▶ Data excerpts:

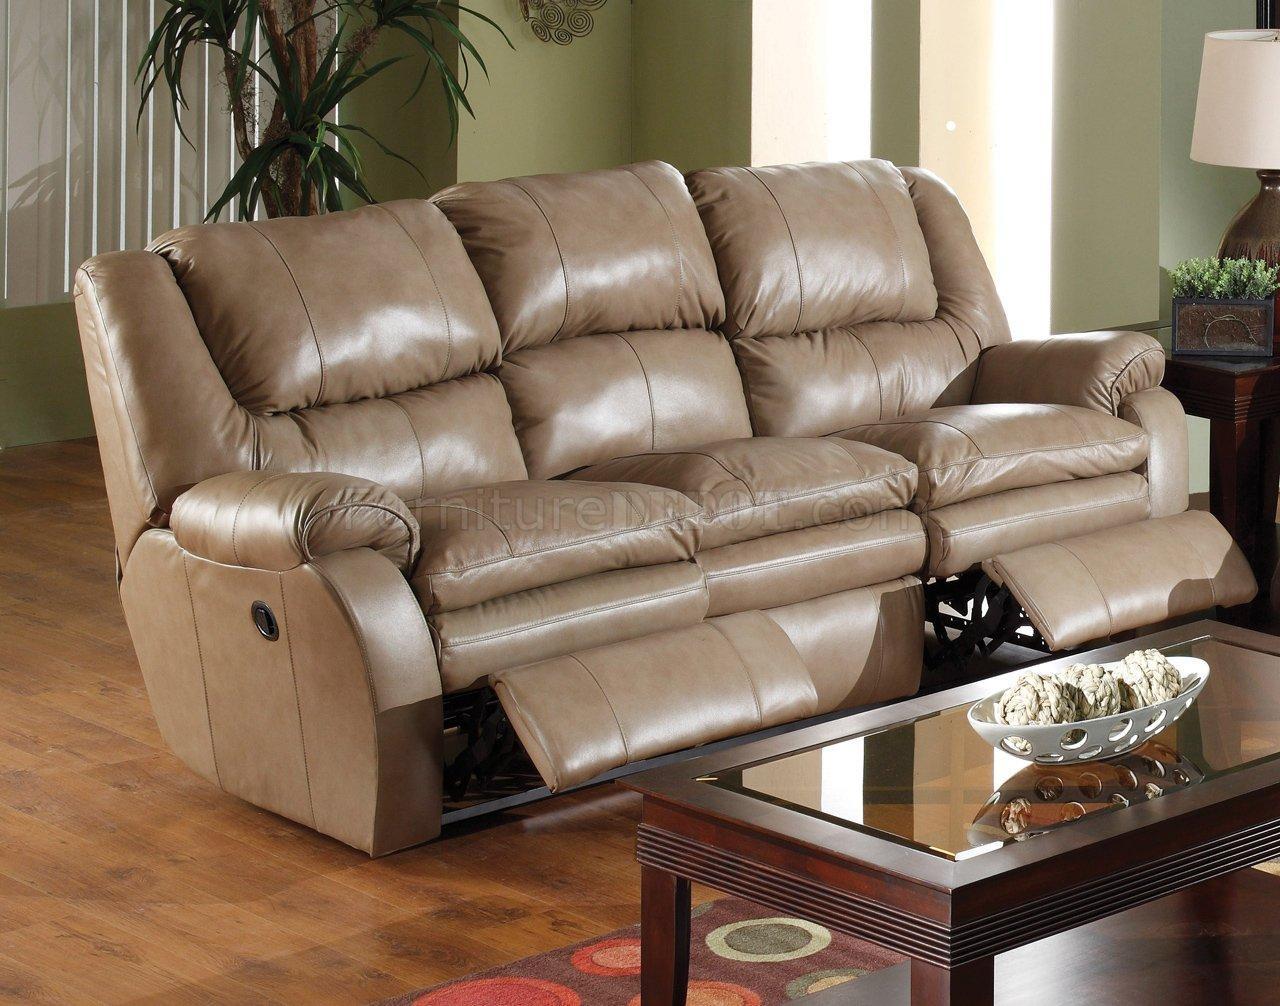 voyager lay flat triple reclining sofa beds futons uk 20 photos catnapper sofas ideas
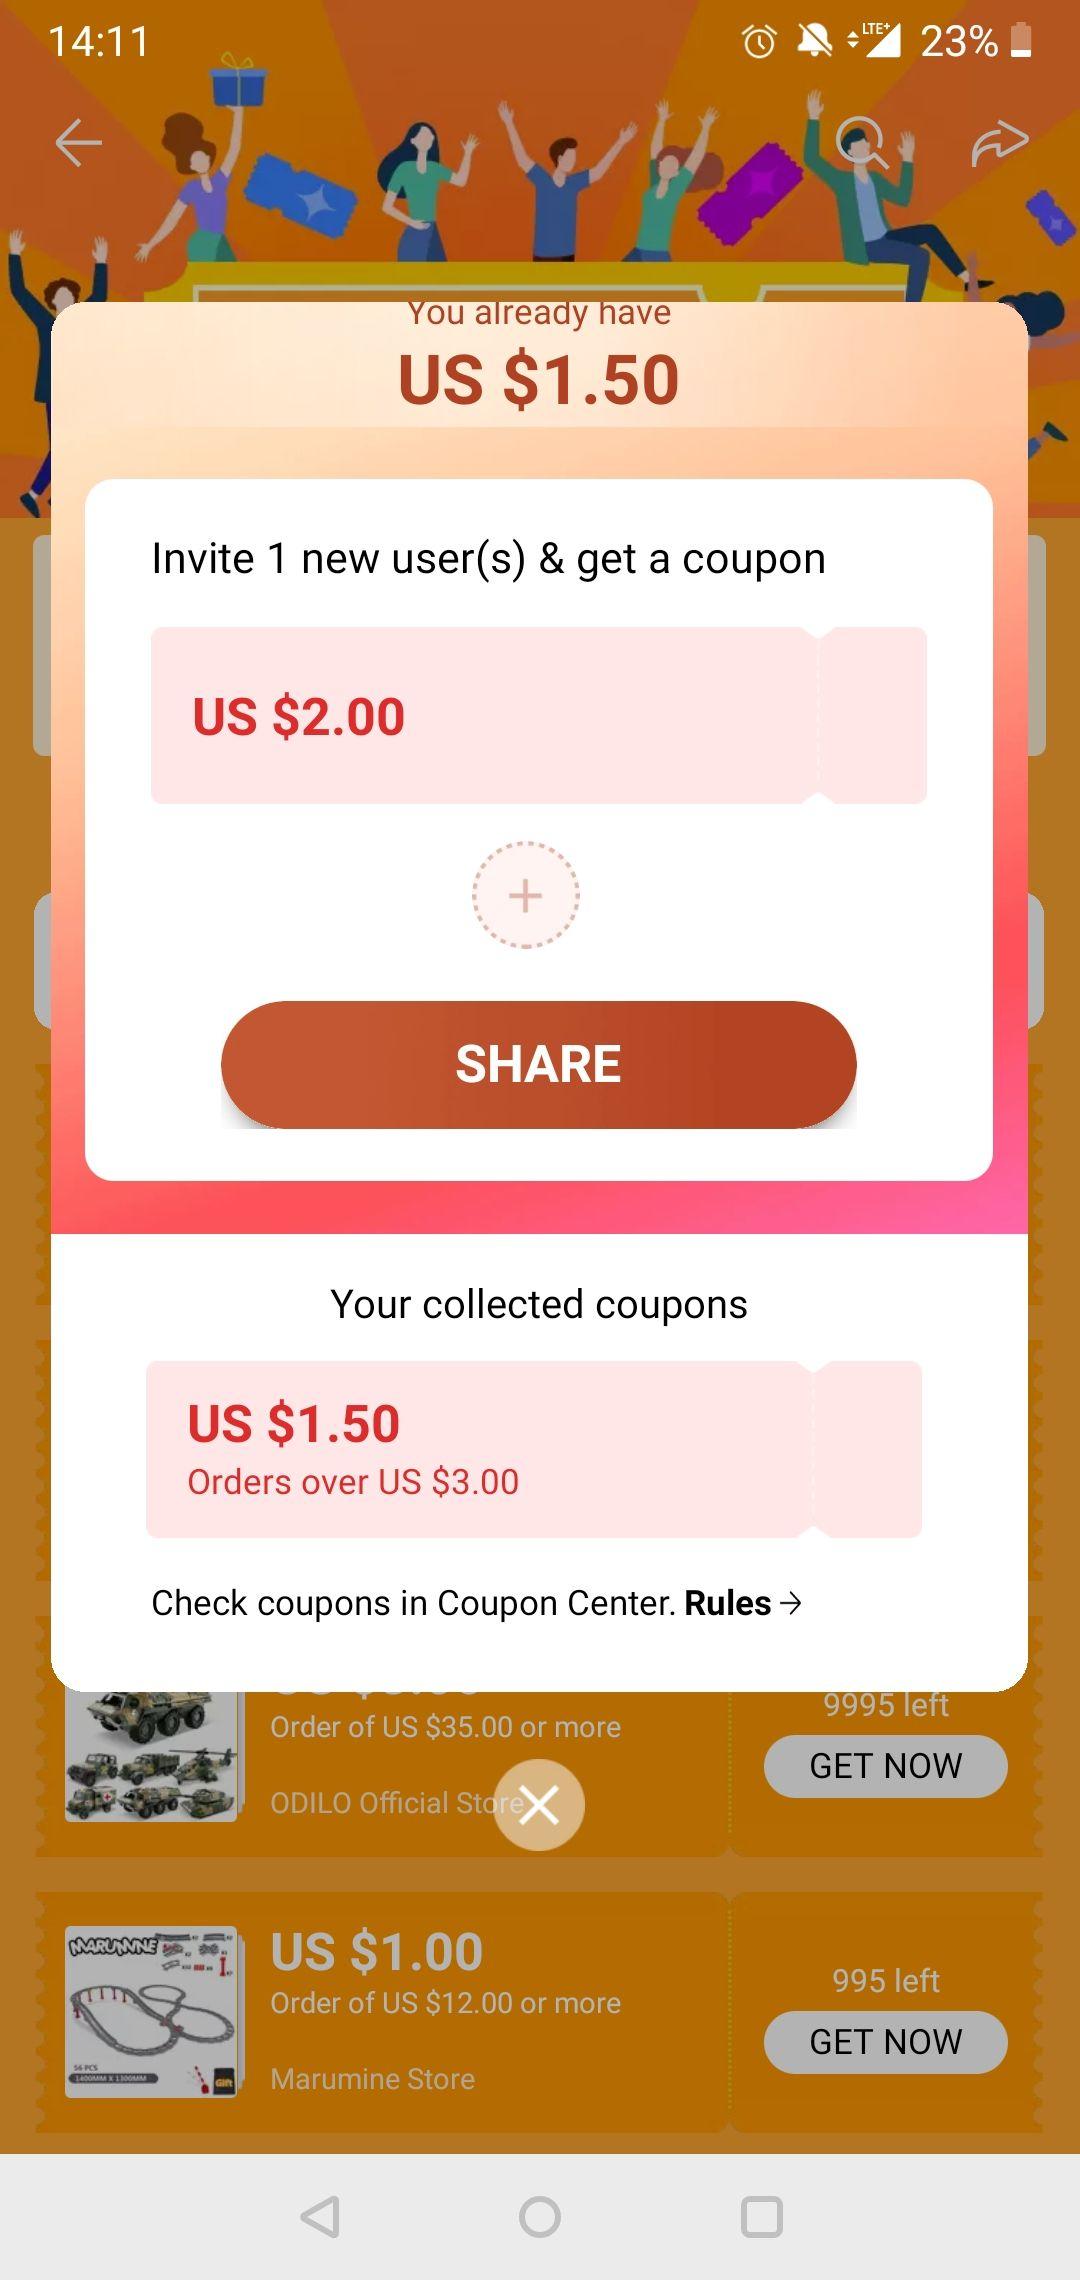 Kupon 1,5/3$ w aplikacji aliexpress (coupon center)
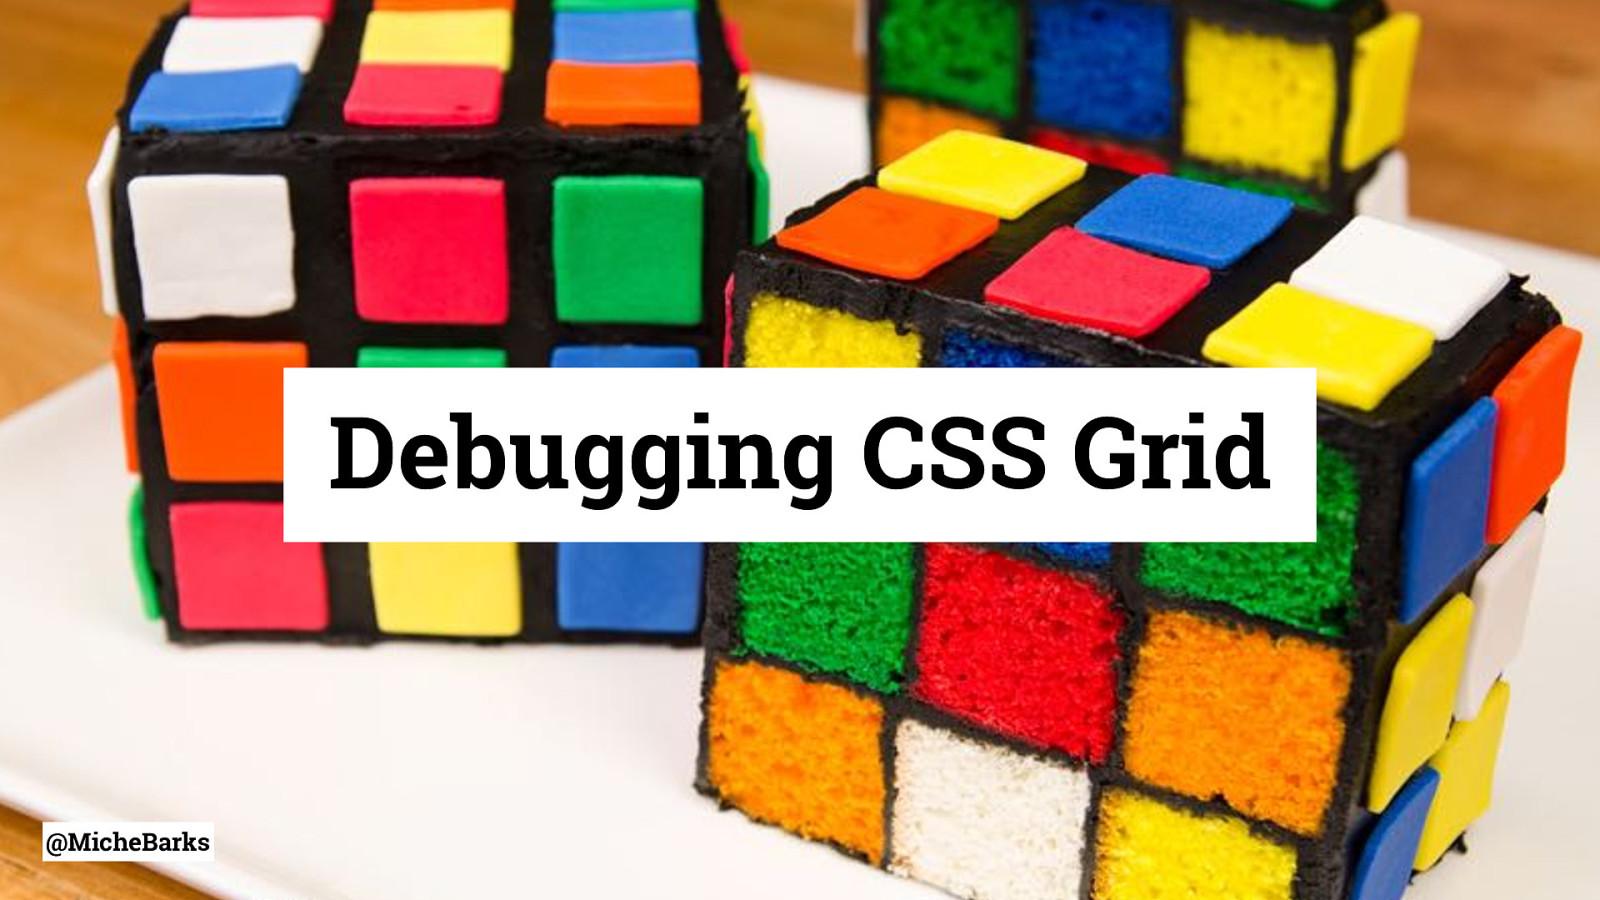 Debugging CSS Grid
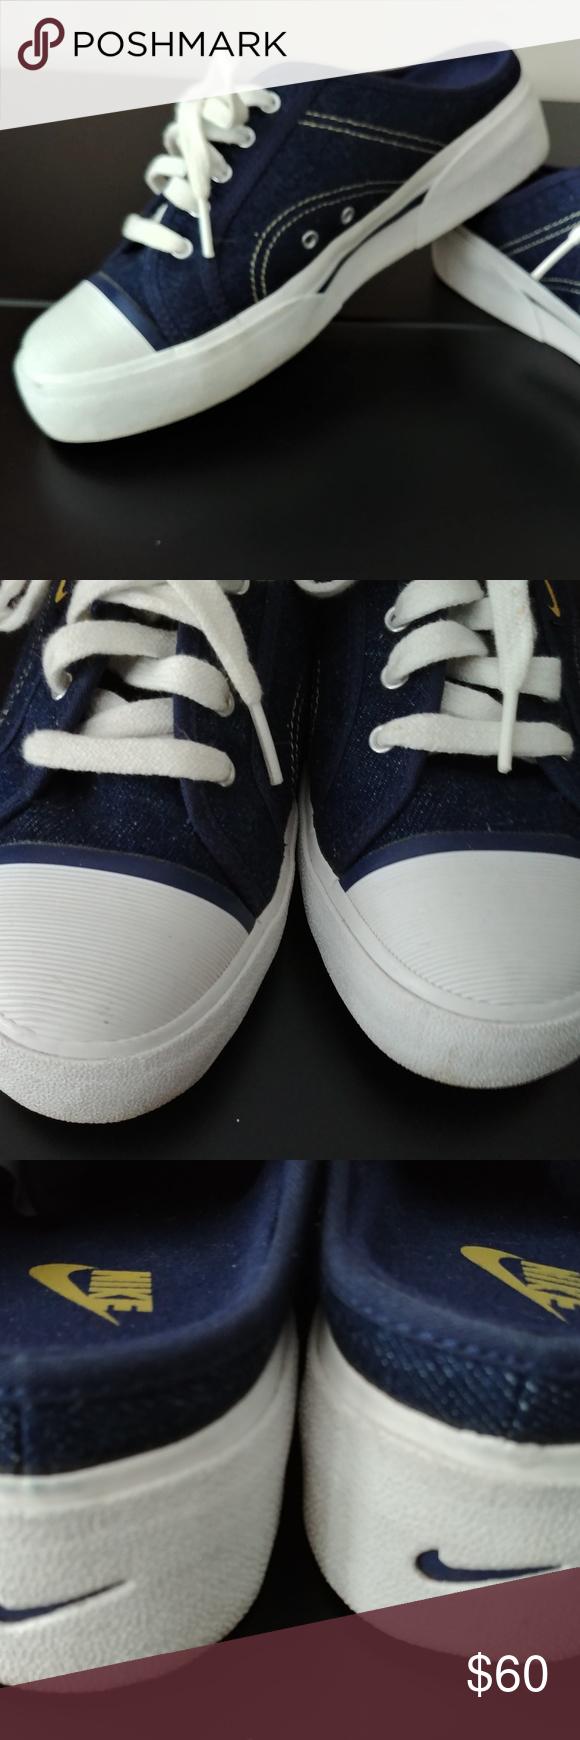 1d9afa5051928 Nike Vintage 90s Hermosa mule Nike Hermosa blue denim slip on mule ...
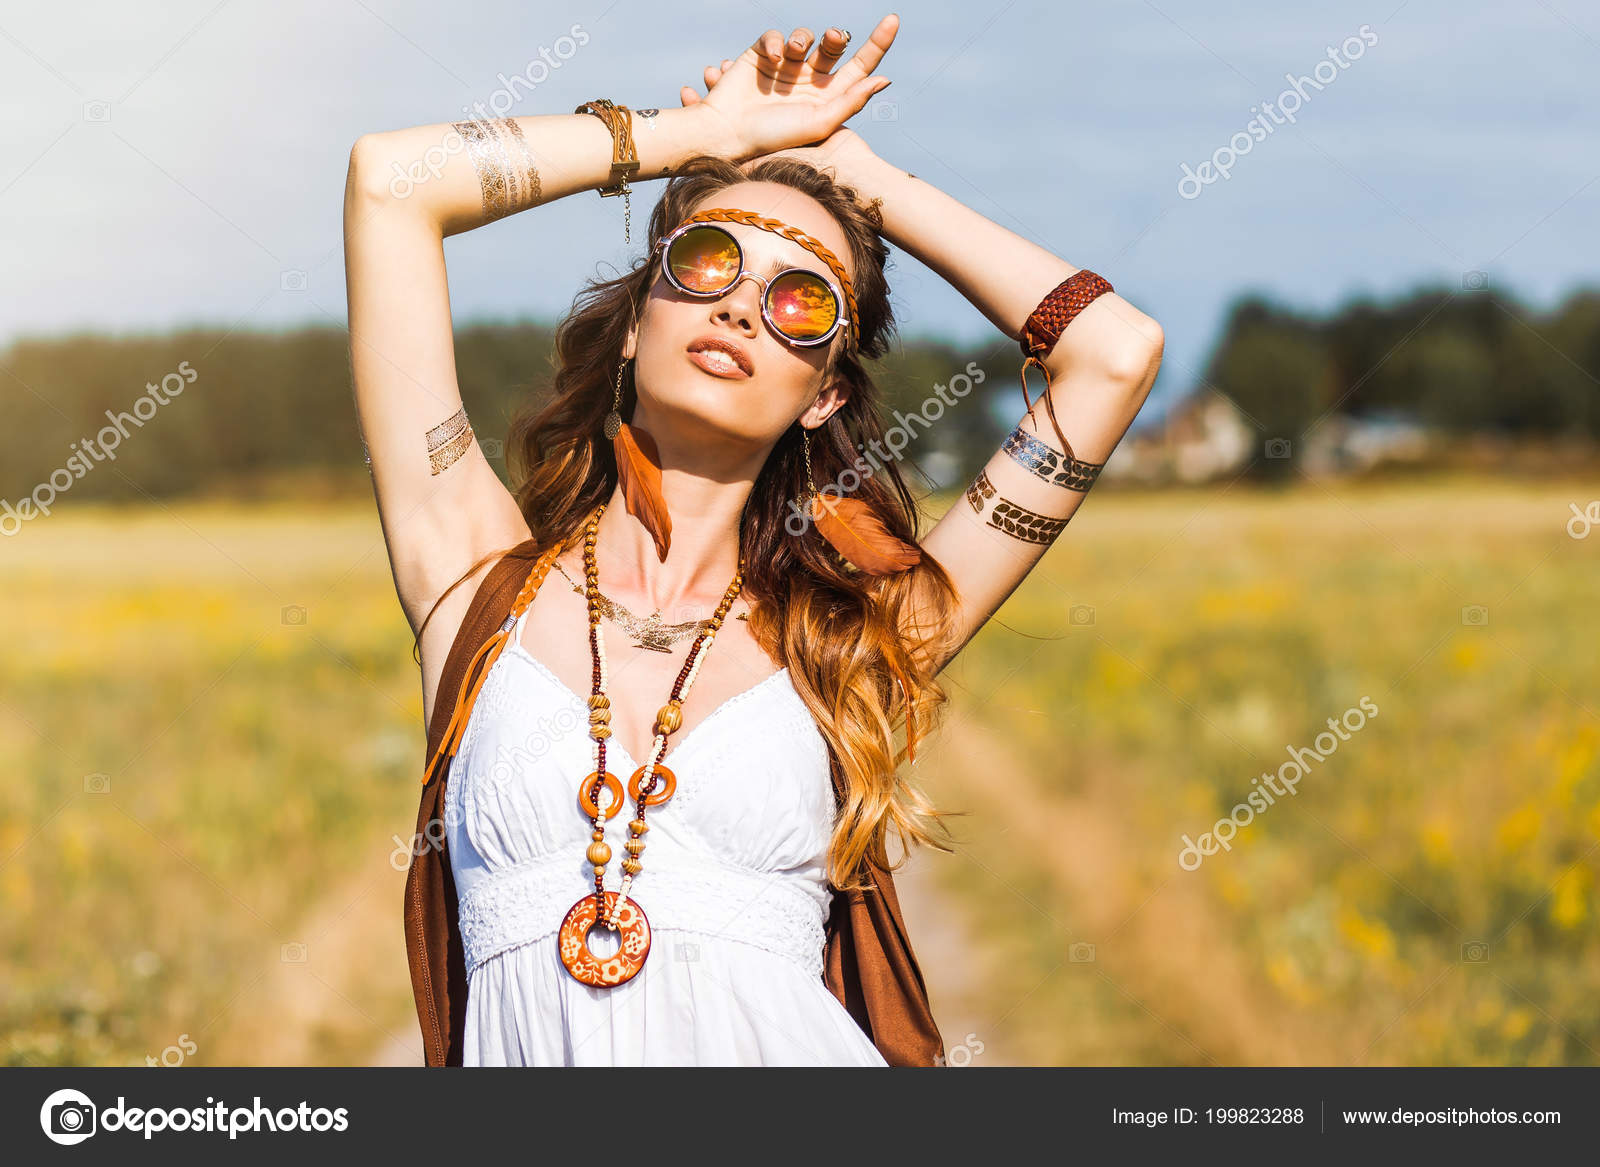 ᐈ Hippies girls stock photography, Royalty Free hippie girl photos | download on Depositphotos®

▶ ASSIGNED TASK:
Full copy, no pictures: write out each line of the data exactly as it stands.

▶ TASK RESPONSE:
 voyager lay flat triple reclining sofa beds futons uk 20 photos catnapper sofas ideas
 Kupon 1,5/3$ w aplikacji aliexpress (coupon center)
 Debugging CSS Grid
 1d9afa5051928 Nike Vintage 90s Hermosa mule Nike Hermosa blue denim slip on mule ...
 ᐈ Hippies girls stock photography, Royalty Free hippie girl photos | download on Depositphotos®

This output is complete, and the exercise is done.